━━ Collected data ━━

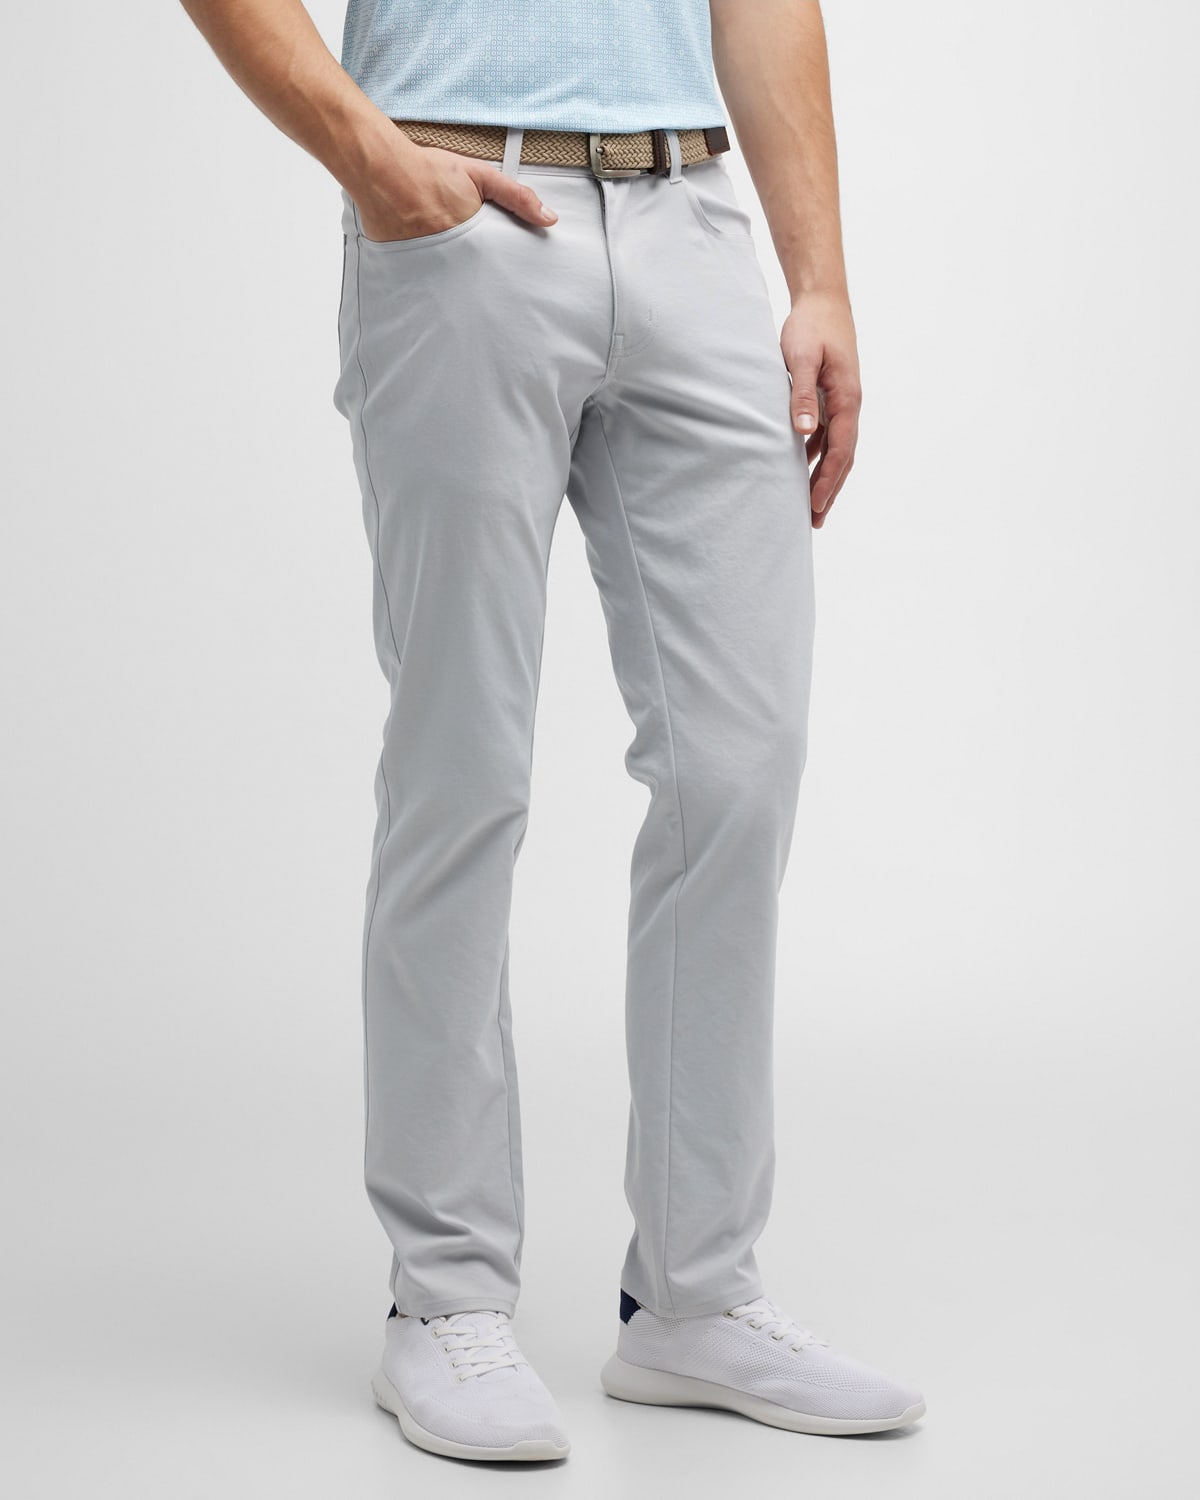 Men's EB66 5-Pocket Performance Pants
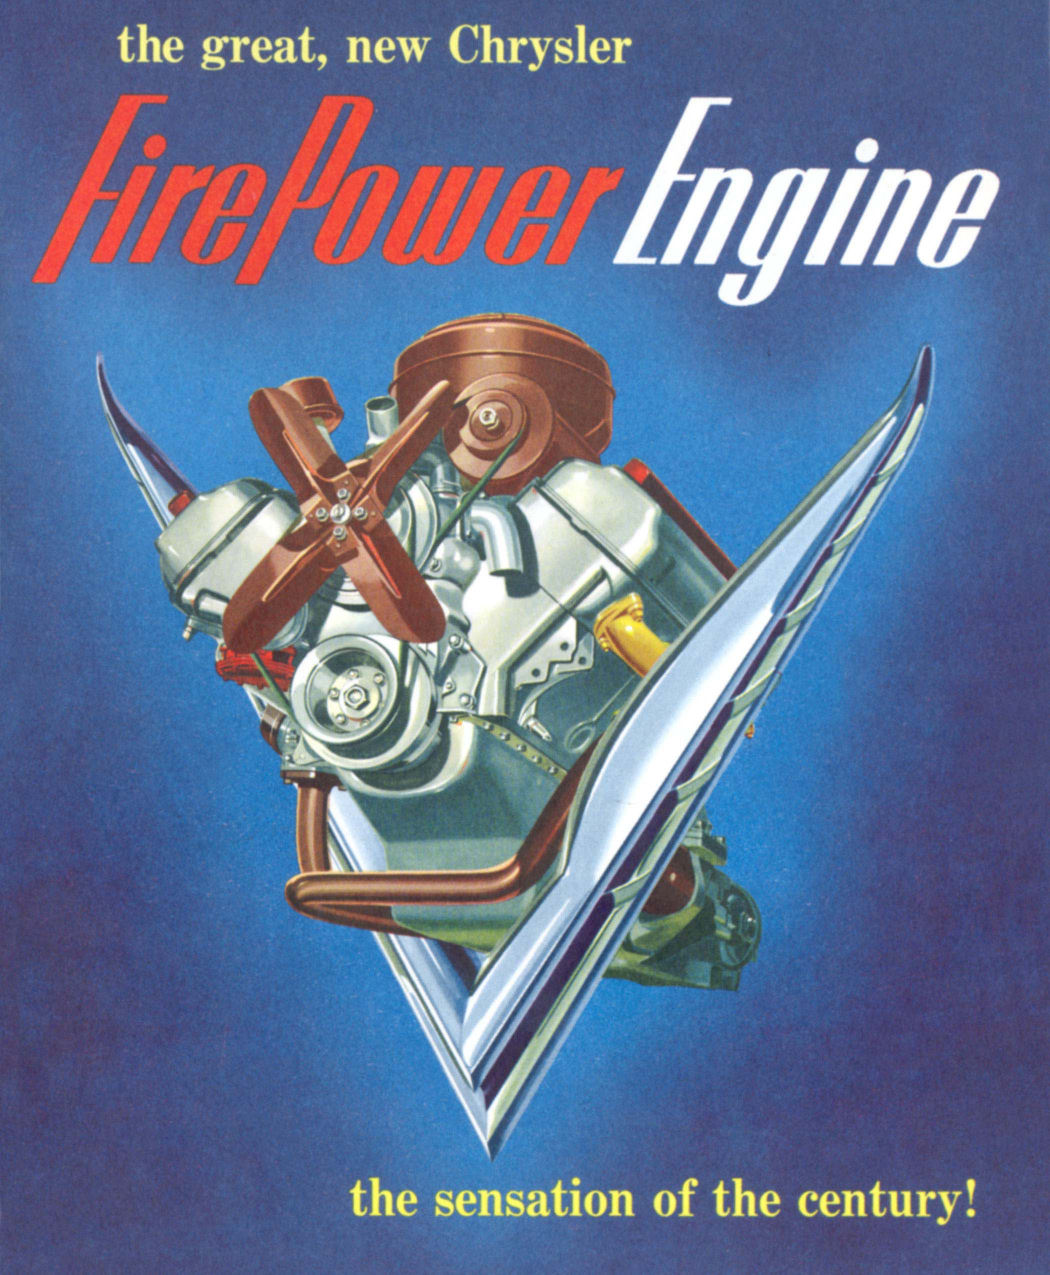 1951_FirePower_Engine-00
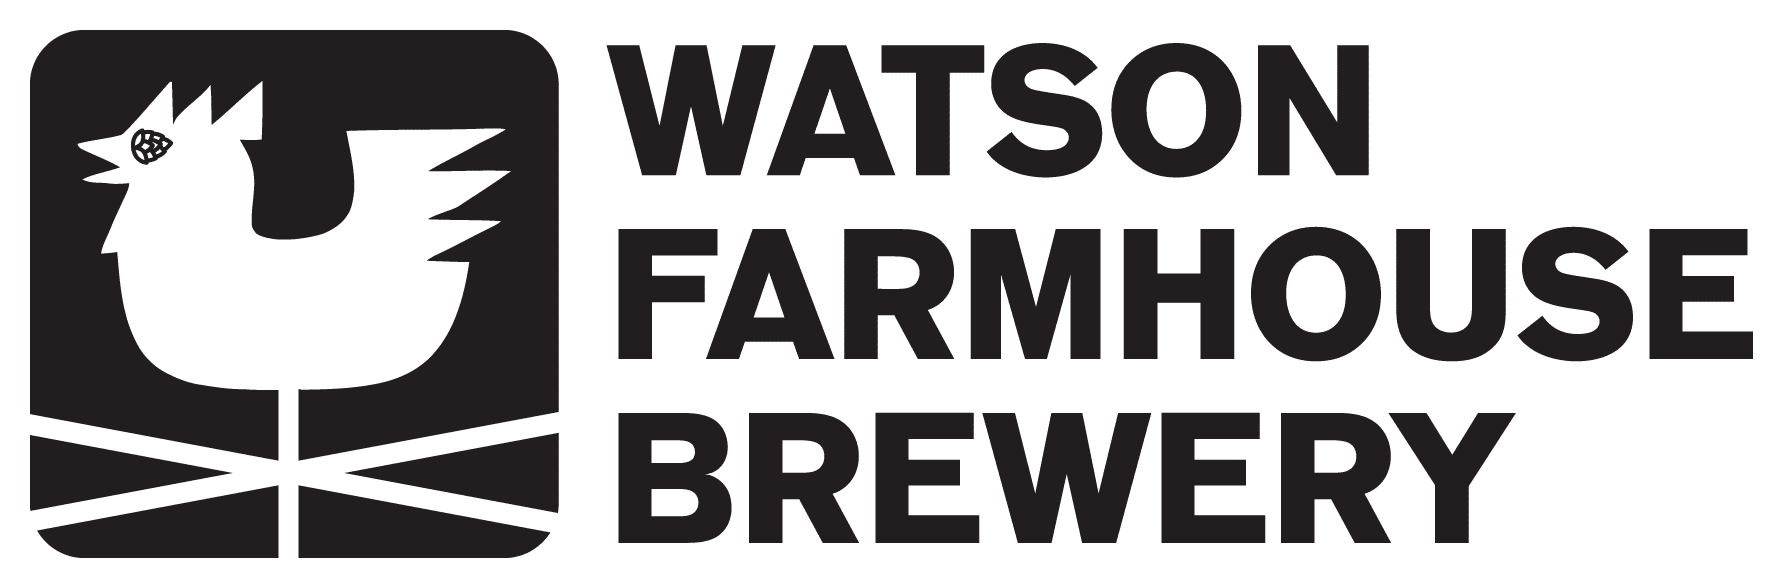 Watson Farmhouse Brewery
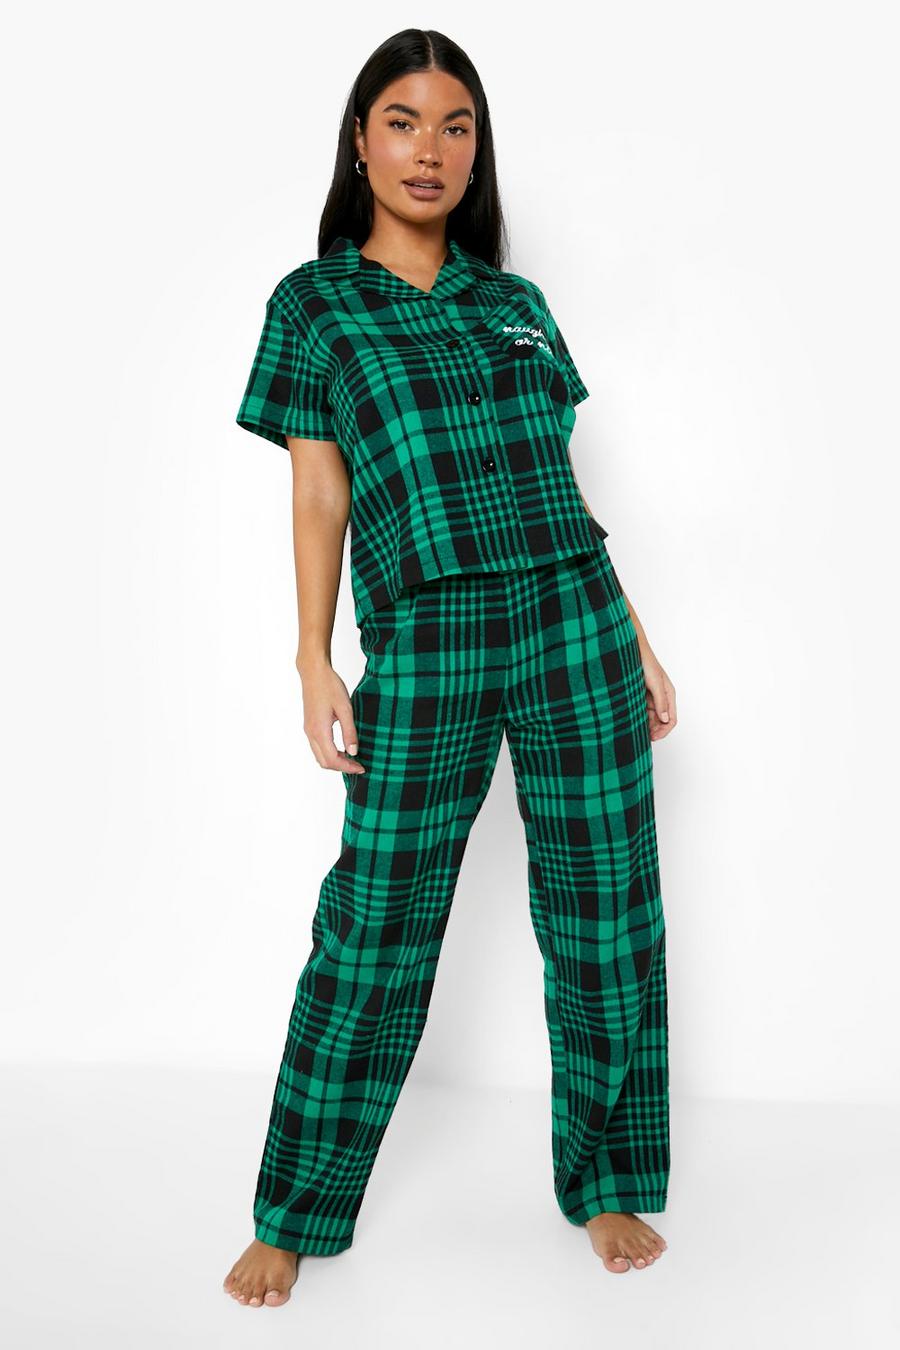 Pantalón de pijama navideño Naughty or Nice, Green verde

━━━

**Task item:**
Your response must consist of the material above, reproduced word for word, with the images omitted.

**Task result:**
 Men's EB66 5-Pocket Performance Pants
 1951_FirePower_Engine-00
 Watson Farmhouse Brewery
 Pantalón de pijama navideño Naughty or Nice, Green verde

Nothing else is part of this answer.